This work addresses the challenge in the shuffle differential privacy (SDP) model where existing secure aggregation mechanisms struggle to simultaneously guarantee privacy, robustness against poisoning attacks, and resilience to malicious shufflers. To this end, the paper proposes RAIN, a novel framework that, for the first time, unifies privacy preservation, robustness to data poisoning, and verifiability under the SDP setting. RAIN introduces sign-space aggregation to assess update consistency and designs an additive secret-sharing protocol that enables efficient shuffling, aggregation, and integrity verification under a malicious security model. Experimental results demonstrate that RAIN achieves strong privacy and maintains convergence accuracy while reducing communication overhead by 90× and accelerating aggregation by 10×, all while enabling full tampering detection.

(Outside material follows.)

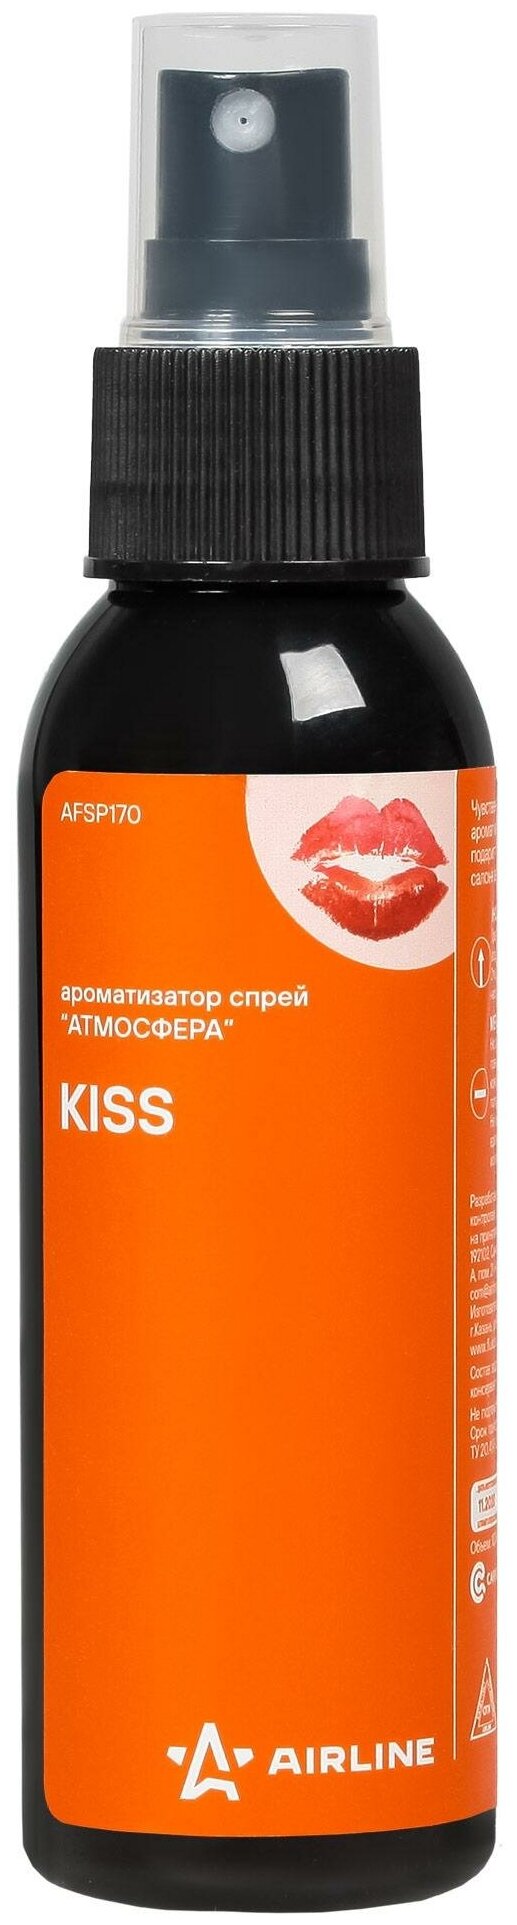 Ароматизатор-спрей "Атмосфера" kiss 100мл AIRLINE - фото №4
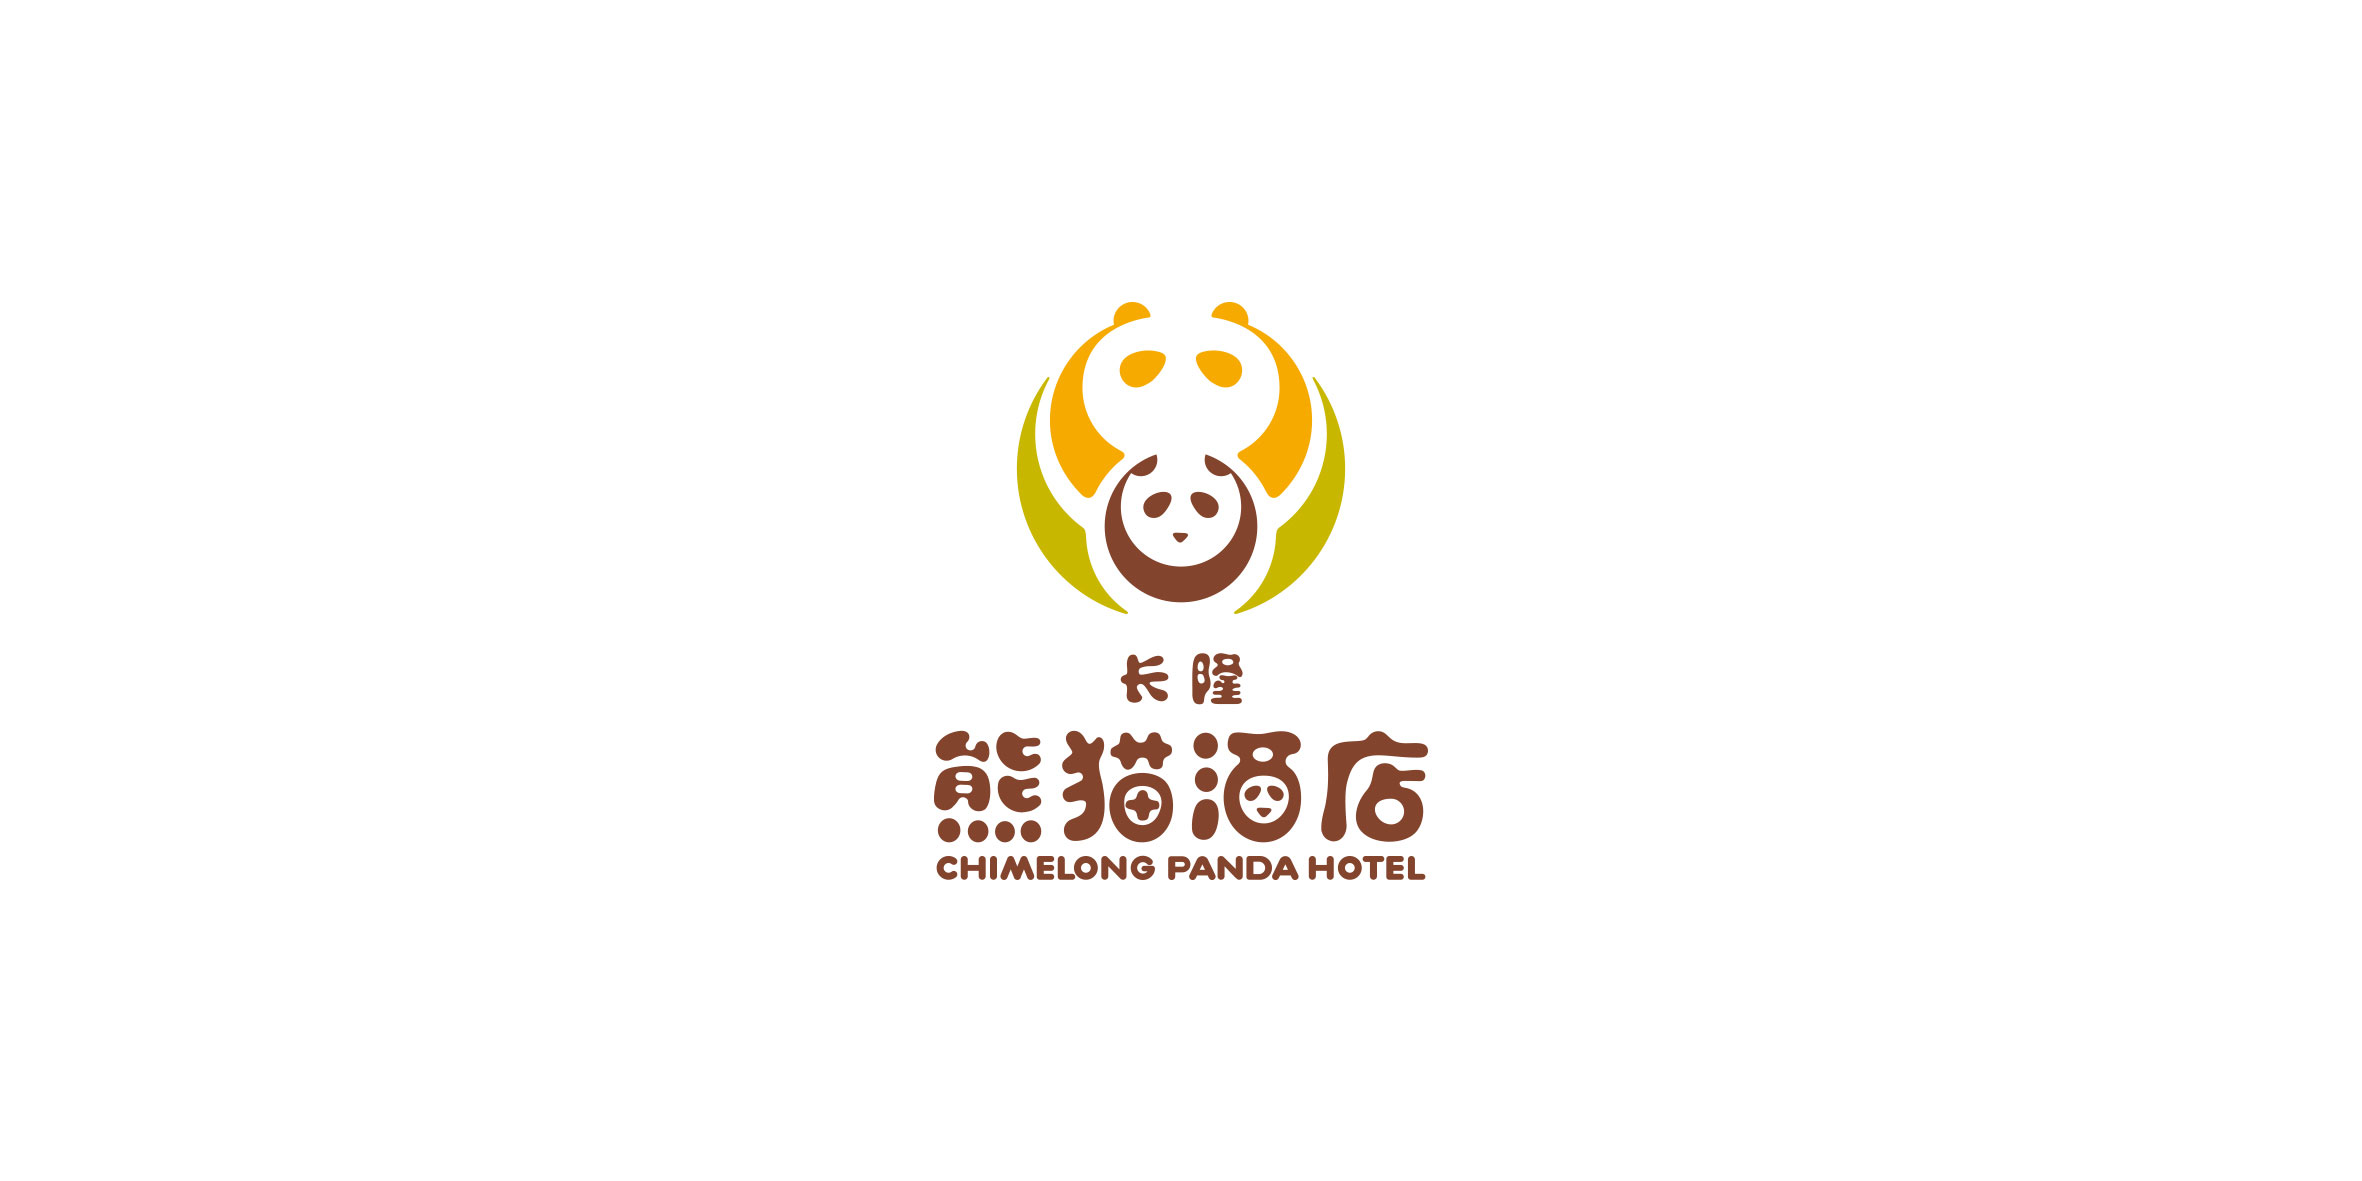 长隆logo野生动物世界图片

Secure aggregation is a foundational building block of privacy-preserving learning, yet achieving robustness under adversarial behavior remains challenging. Modern systems increasingly adopt the shuffle model of differential privacy (Shuffle-DP) to locally perturb client updates and globally anonymize them via shuffling for enhanced privacy protection. However, these perturbations and anonymization distort gradient geometry and remove identity linkage, leaving systems vulnerable to adversarial poisoning attacks. Moreover, the shuffler, typically a third party, can be compromised, undermining security against malicious adversaries. To address these challenges, we present Robust Aggregation in Noise (RAIN), a unified framework that reconciles privacy, robustness, and verifiability under Shuffle-DP. At its core, RAIN adopts sign-space aggregation to robustly measure update consistency and limit malicious influence under noise and anonymization. Specifically, we design two novel secret-shared protocols for shuffling and aggregation that operate directly on additive shares and preserve Shuffle-DP's tight privacy guarantee. In each round, the aggregated result is verified to ensure correct aggregation and detect any selective dropping, achieving malicious security with minimal overhead. Extensive experiments across comprehensive benchmarks show that RAIN maintains strong privacy guarantees under Shuffle-DP and remains robust to poisoning attacks with negligible degradation in accuracy and convergence. It further provides real-time integrity verification with complete tampering detection, while achieving up to 90x lower communication cost and 10x faster aggregation compared with prior work.